Стены большой, высокой гостиной были почти сплошь заставлены
высокими зеркалами; пол выстлан красным, местами выцветшим ковром. Мебель
состояла из красных плюшевых кресел и мягких широких диванов с множеством
шелковых и бархатных подушек. На потолке тоже было большое круглое зеркало,
отражавшее расположенную под ним широкую, низкую кушетку. У одной стены
находилось механическое пианино. Круглое зеркало на потолке было обведено
зажженными лампочками. Много ламп было и по стенам, но они не горели. В углу на
столе, покрытом пыльной бархатной скатертью, стояли бутылки, стаканы, тарелки с
виноградом и печеньем. Помощник пристава подошел к выключателю и на мгновение
потушил лампы. В комнату пробился свет начинавшегося утра. Врач недовольно
оглянулся. Дарья Петрова тяжело вздохнула. Помощник пристава снова зажег лампы.
– Ты, баба, как тебя? Сколько комнат в квартире? –
сурово спросил он швейцариху.
– Две, ваше благородие, спальня и гостиная, да еще
ванна, горячая вода с утра до вечера, – ответила поспешно швейцариха, по
привычке выхваляя квартиру, точно для сдачи ее внаем. – Да еще
ватер, – добавила она застенчиво, видимо щеголяя этим словом. – Две
комнаты, вот тут спальня ихняя… Пожалуйте…
Околоточный отворил дверь в другую комнату и зажег в ней
свет. Спальня с нетронутой постелью была значительно меньше гостиной. Пристав,
околоточный и Дарья Петрова прошли в нее, оттуда в уборную, в ванную, и снова
вернулись в гостиную.
– Ну, что? Как скажете: медико‑полицейское или судебно‑медицинское? –
спросил помощник пристава.
– Нужно вскрыть тело, – ответил врач. –
Следов борьбы на теле не видно, однако отравление очень вероятно. Но до
вскрытия ничего точно сказать нельзя. Необходим, конечно, химический анализ
этого, – добавил он, нюхая жидкость в одном из стаканов.
– А может быть, самоубийство или просто разрыв
сердца? – спросил околоточный, с усилием выговаривая слова.
– Не похоже, не думаю… Обстановка не такая, как при
самоубийстве.
– Ну, нет, это не самоубийство! – сказал помощник
пристава. – И по лицу видно, что убийство. Ясное дело, подсыпали яда…
Здесь кроме него был еще кто‑то… Эй, ты, баба, пожалуй сюда. Так тебе фамилия
жильца не известна?
Дарья Петрова рассыпалась в запутанных объяснениях. Жилец снял
квартиру с месяц тому назад, оставил ее за собой, приезжал изредка с женщинами
и с господами, отворял двери своим ключом, оставался обыкновенно до полуночи.
Она заходила по утрам убирать комнаты. Дарья Петрова все сбивалась на то, как
она испугалась, заметив свет в окнах и потом найдя труп. Фамилии жильца не
знала.
Помощник пристава и околоточный хмуро ее слушали. История
эта была им неприятна. Они прекрасно знали, что квартира № 4 сдавалась,
большей частью посуточно, господам, которые туда приезжали с женщинами, не
сообщали своих имен или сообщали ложные имена и не прописывались в участке.

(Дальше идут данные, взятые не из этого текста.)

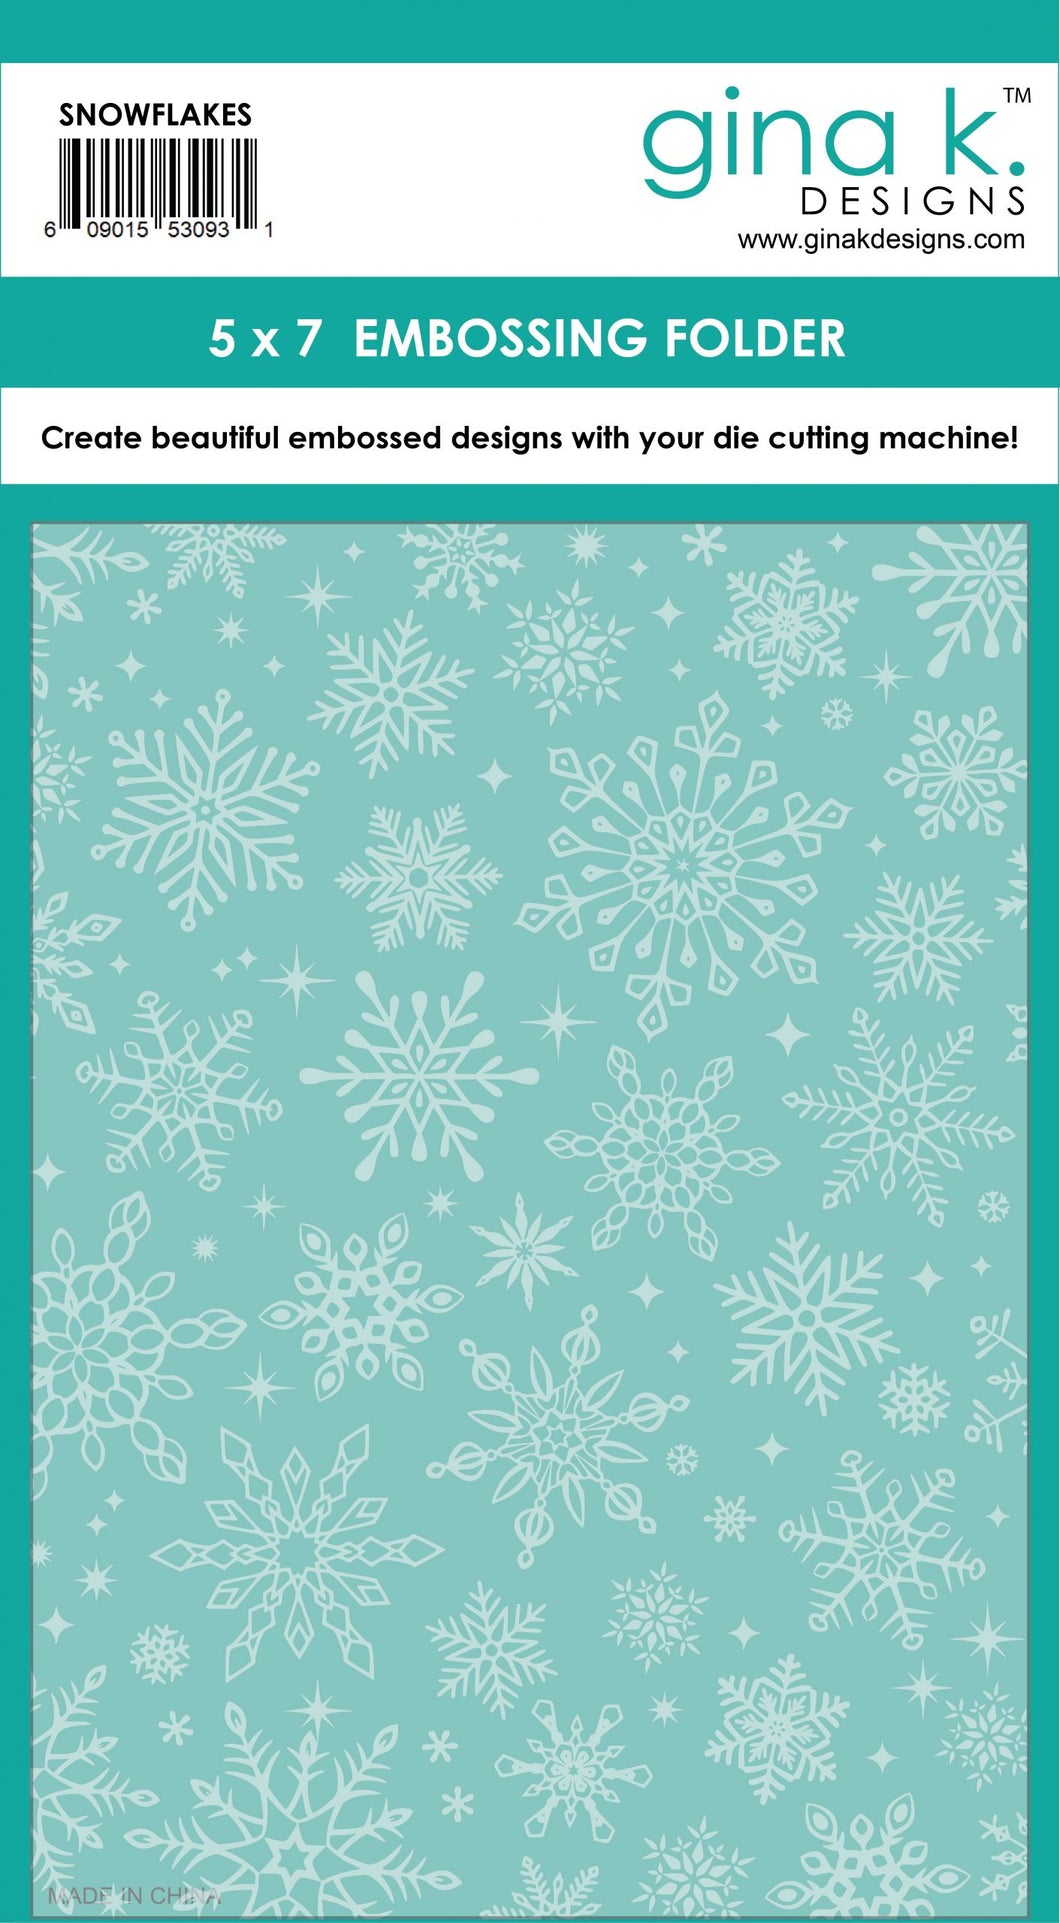 Gina K. Designs - Embossing Folder - Snowflakes. The embossing folders create deeply etched designs for a truly dimensional effect. They can also be used for a verity of fun cardmaking techniques. Embossing folders measure 5 x 7 inches. Available at Embellish Away located in Bowmanville Ontario Canada.

Происшествие в квартире с непрописанным жильцом грозило и служебными
неприятностями, и потерей доходной статьи.
– Сами изволите знать, какая квартира, ваше благородие, –
значительным тоном говорила Дарья Петрова.

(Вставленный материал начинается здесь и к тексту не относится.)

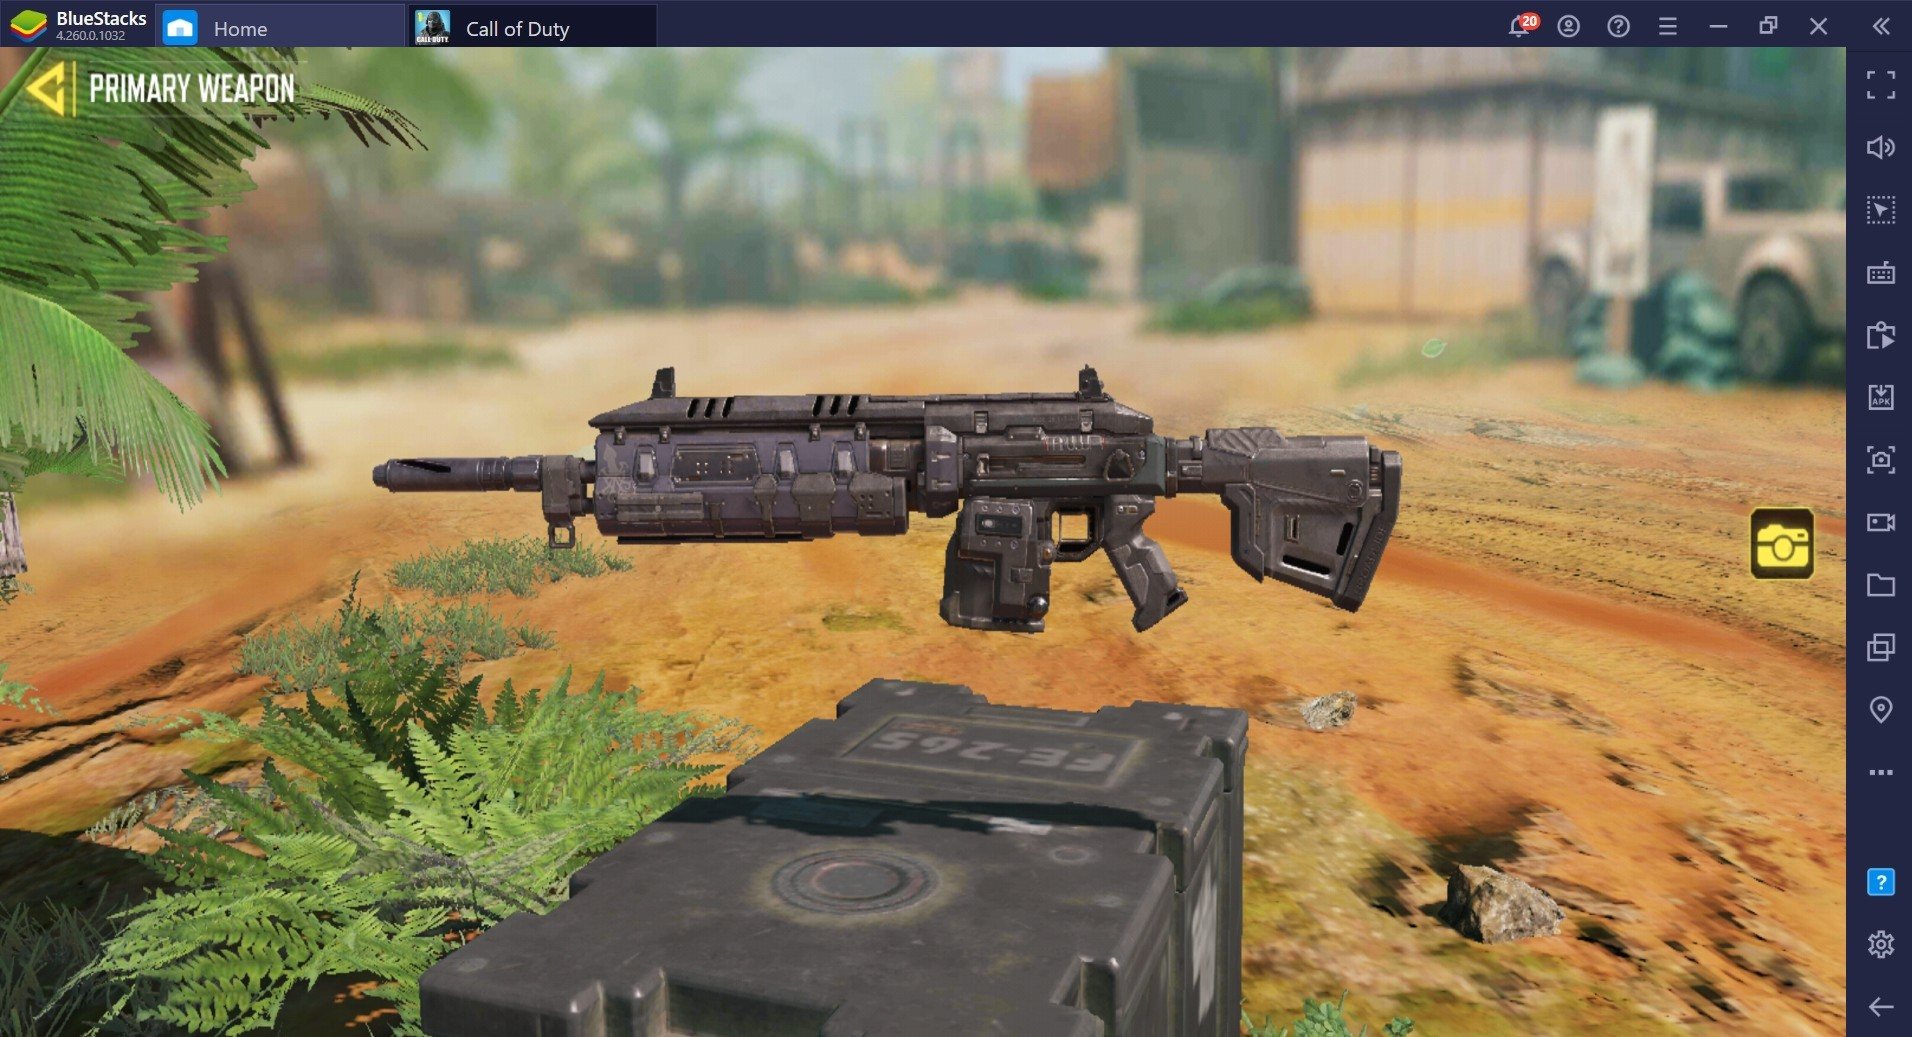 Call of Duty:Mobile Season 1 Weapon Guide, 10 Guns Ranked for Ranked Matches

– Так не знаешь, как звали жильца? – еще строже
повторил помощник пристава. – Не прописала?.. Ну, с тобой еще об этом
будет разговор, – угрожающе проговорил он. – Иван Васильевич, вы всем
сообщили по телефону?
– Так точно, и следователю, и товарищу прокурора, и в
сыскное.
– Опять же ждать их по обстоятельствам дела нельзя.
Обыск можем произвести и сами. Обыщите его, голубчик. А я буду писать протокол.
В карманах умершего человека нашлись носовой платок без метки,
золотые часы «Лонжин», портсигар, бумажник с семьюдесятью рублями и в жилетном
кармане немного мелочи рублевыми бумажками и марками военного времени. Больше
ничего найдено не было.
– Вот так задача, – сказал угрюмо
околоточный. – Ищи теперь, кто таков…
– Найдут! – уверенно ответил помощник
пристава. – А в ящиках стола ничего нет?
Он приподнял скатерть и, просунув руку под стол, с трудом
отодвинул тугой ящик. В ящике не было ничего, кроме сора по углам. Но в
спальной в шкафу помощник пристава обнаружил кое‑какие вещи, особого рода
фотографические карточки.
– Ах ты… – сказал он с удовольствием, давая себе
волю. – Иван Васильевич, полюбуйтесь!..
– Должно быть, из Парижа? – заметил с любопытством
околоточный. – Только в Париже такое выдумают.
– Нет, не говорите, и у нас теперь это хорошо
работают, – ответил помощник пристава.